RUNNING! RUNNING! RUNNING! … Perfect “Action Meditation” for 68,000,000 … When “In The Zone” … You Become “The Running!”

“There is a part of every marathon
where something does take over …
the sensation of movement …
You lose a sense of identity in yourself,
you become running itself …
I only have to think of putting on my running shoes
and the kinesthetic pleasure of floating along,
the pleasure of movement starts to come.
I get a feeling of euphoria, almost real happiness …
It is the platonic idea of knowing thyself.
Running is getting to know yourself
to an extreme degree.”
Ian Thompson
world champion
Running has long been known as a natural meditation for recreational athletes.

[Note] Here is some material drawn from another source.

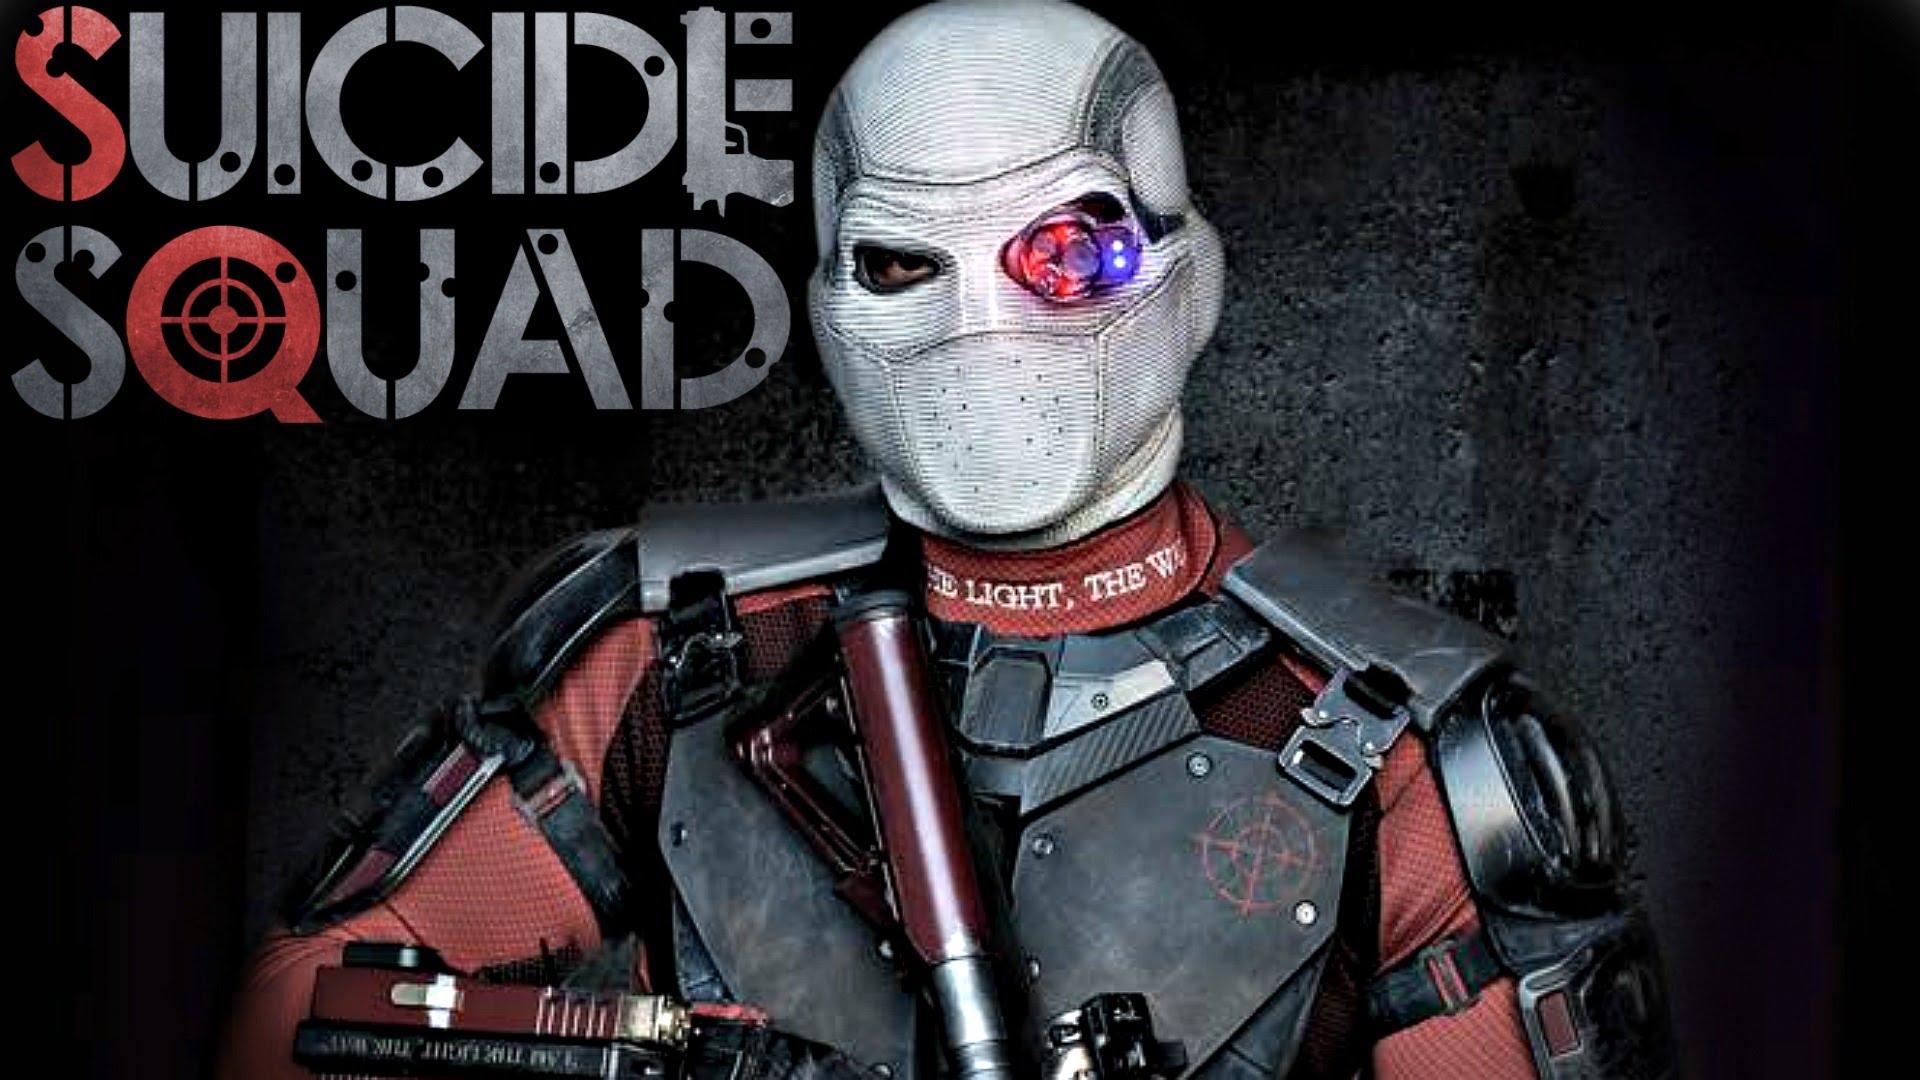 Suicide Squad Wallpaper - Suicide Squad Wallpaper Deadshot - HD Wallpaper

Then suddenly, a few decades ago, running moved into the spotlight when it also became known as a “positive addiction,” thanks to the so-called “runners high,” where the runner, the running, and the world move in harmony.
Back in the mid-seventies—about the time the relaxation response and transcentental meditation were emerging as hot topics—noted psychiatrist William Glasser, M.D., author of the bestseller Reality Therapy, was working on a research project to determine if people could become addicted to positive behavior.
His research covered a wide range of activities: singing and playing musical instruments, knitting, yoga, exercise, weightlifting, hiking, swimming, cycling, rock climbing—and running—which Glasser ultimately concluded is not only America’s most common positive addiction, it is also “the hardest but surest way to positive addiction.”
Early in his research Dr. Glasser contacted Joe Henderson, editor of Runner’s World magazine, about his idea that running was a positive addiction. Henderson, a self-admitted eighteen-year running addict, loved the idea and featured Glasser’s questionnaire in the magazine.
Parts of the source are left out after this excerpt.